Thank you for ANY imput you may have!
Peter


----------



## Wisconsin Ann (Feb 27, 2007)

yep. electric works on fox. I'd do a 4", 8" and 12" tho....the 4" out further than the other 2 by a couple of inches. (keeps crawling/digging animals from doing so.)

You could also put out a couple of live traps in the area they run to catch anything that dropped down from above 

We have fox and ***** mainly as predators, with a sprinkling of owls, possums, and coyotes. both the foxes and ***** stay WELL away from electric after the first touch....although that first time is mighty entertaining


----------



## Wingdo (Oct 5, 2002)

Heya Ann... how you doing... been a while.

Personally, I don't trust electric fence for much more than splitting/rotating a field for the stock, but I've chased enough cows, goats, horses, and a couple of jackasses once, to where I don't trust much of anything that doesn't have a safety and a trigger.

You might have some success for a while, but eventually, especially when winter sets in and their hunger increases, they'll figure it out or just take the pain and come through anyway.


----------



## Yellow Creek (Nov 15, 2007)

Some info that may help:

http://attra.ncat.org/attra-pub/PDF/predator.pdf
http://www.oznet.ksu.edu/library/wldlf2/C620.pdf
http://www.zarebasystems.com/IMAGES/PDF/Zareba_FncPlnGd.pdf

Most of them talk about Coyotes and dogs. I suspect you should run another several wires. I run the five wire (including two grounds) and I've seen it chase off a coyote. It also has enough height during the winter so that I can disconnect the lower one or two strands (because of snow accumulation) and still have a barrier for the coyotes. I use a weed burner charger connected to AC I ran out to the field. I wouldn't mess with a battery operated job. Doesn't seem like they would generate enough pain.


----------



## Wisconsin Ann (Feb 27, 2007)

Heya Wingdo!! <picture a big scratched up hand waving at you!>

I've been reading your posts and glad to see you're around and life is going well 

I might be having such good luck with the fences because we're in the middle of farm country and there are a LOT of field mice, wild rabbits, wild turkeys, etc....loads of prey that ISN'T behind an electric fence. Dunno.

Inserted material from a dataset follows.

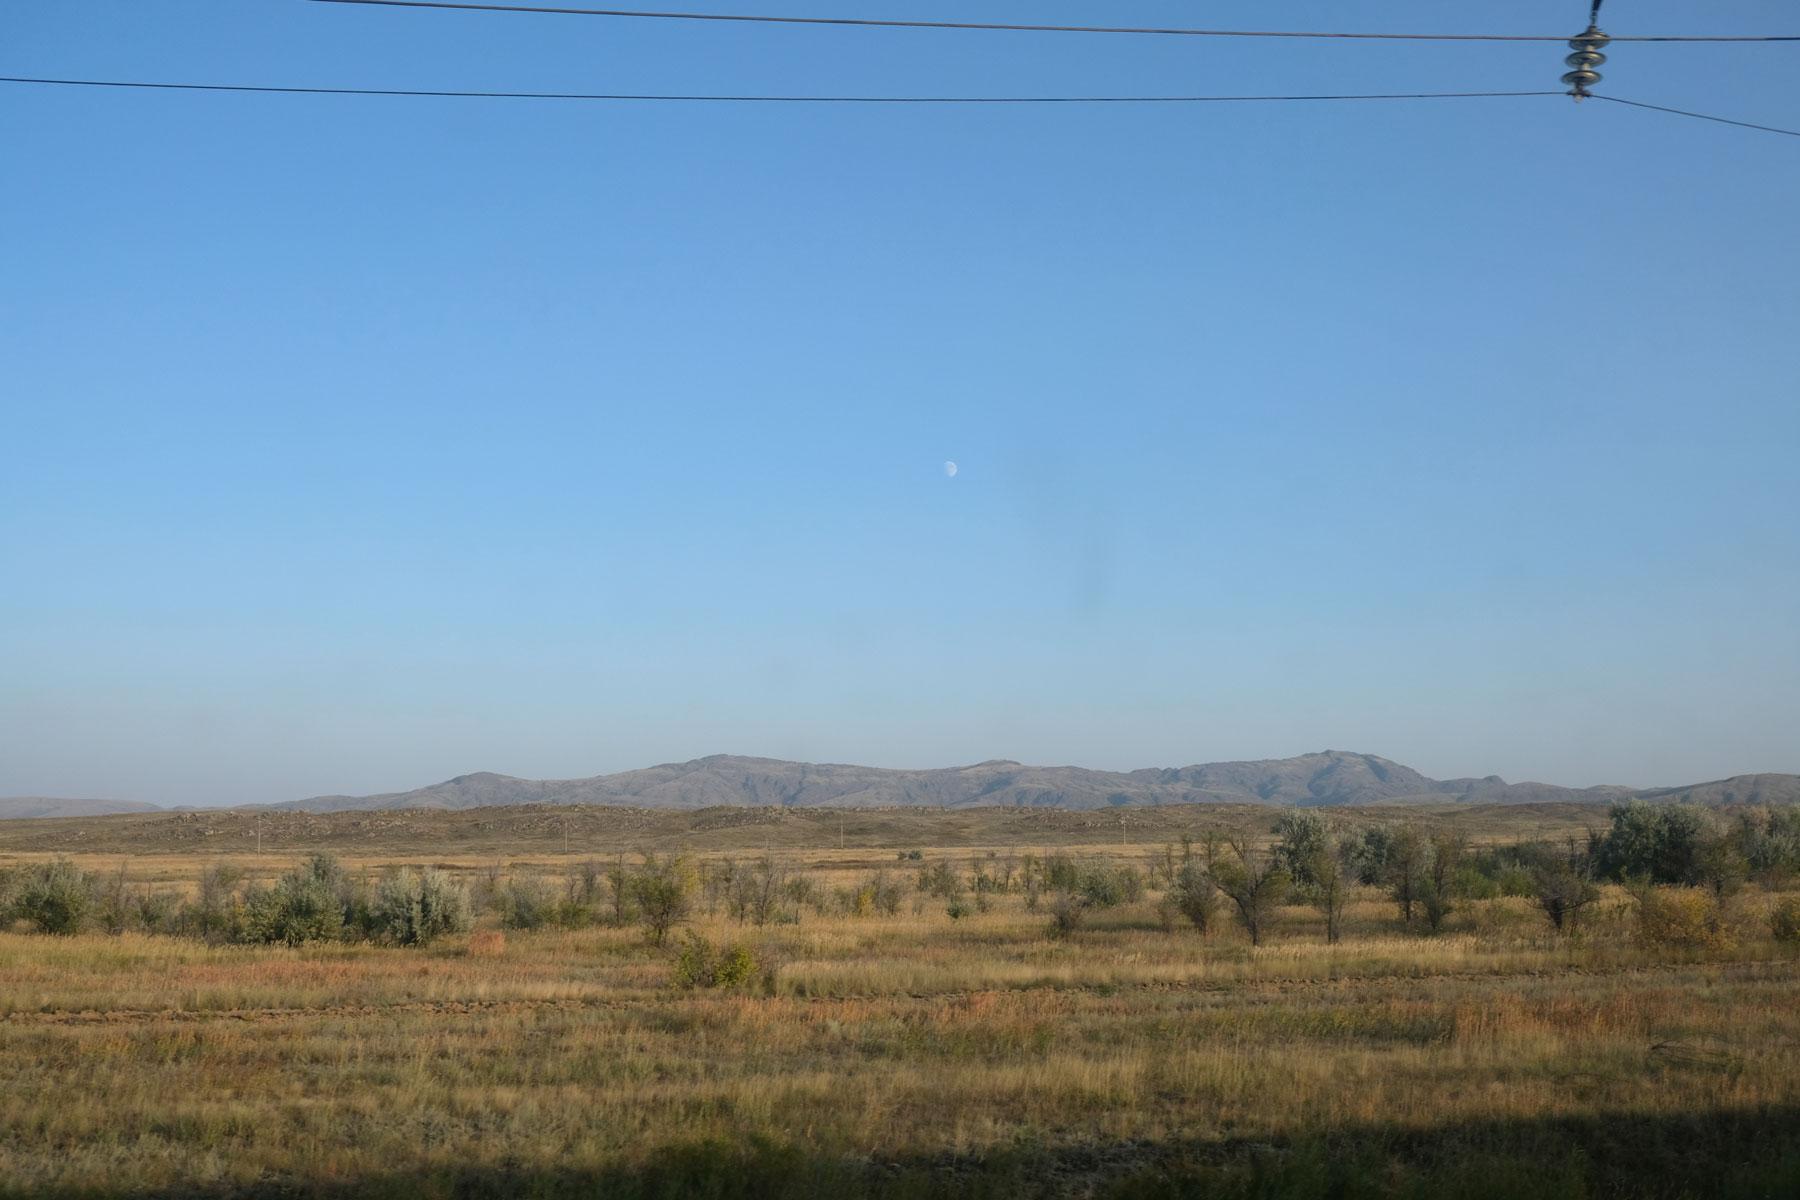 ...blicken wir auf die Weite der kasachischen Steppe.

All I know is when a **** hits the fence it does a backwards somersault 5 feet in the air  when they hit the ground they're running the opposite direction


----------



## fishhead (Jul 19, 2006)

If you go with the electric fence make sure the fox hits it by putting tin foil smeared with bacon grease or something on the hot wire in an area you know has a good ground to complete the circuit. You want the fox to be afraid of the fence and not just view it as a physical barrier.

Canines remember. Once my dogs have run into an electric fence from that moment on they were afraid of wire. I've even seen them stop and walk around wire laying on the ground in the woods years after touching an electric fence.


----------



## kbshorts (Dec 6, 2005)

I am running a fox feeding program with my chickens and the electric fence is the only reason I have anything left. I have a poultry netting fence that they won't get near. I did have an incident this spring when my charger was hit by lightning and I purchased a cheap, temporary while mine was being repaired. The temporary was not strong enough and I caught the varmit trying to wrestle out a tom turkey. I have also seen a bear stopped by the fence, just by as much charger as the budget allows.

Keith


----------



## Wingdo (Oct 5, 2002)

Been blackberry picking there Ann... cobler is my favorite!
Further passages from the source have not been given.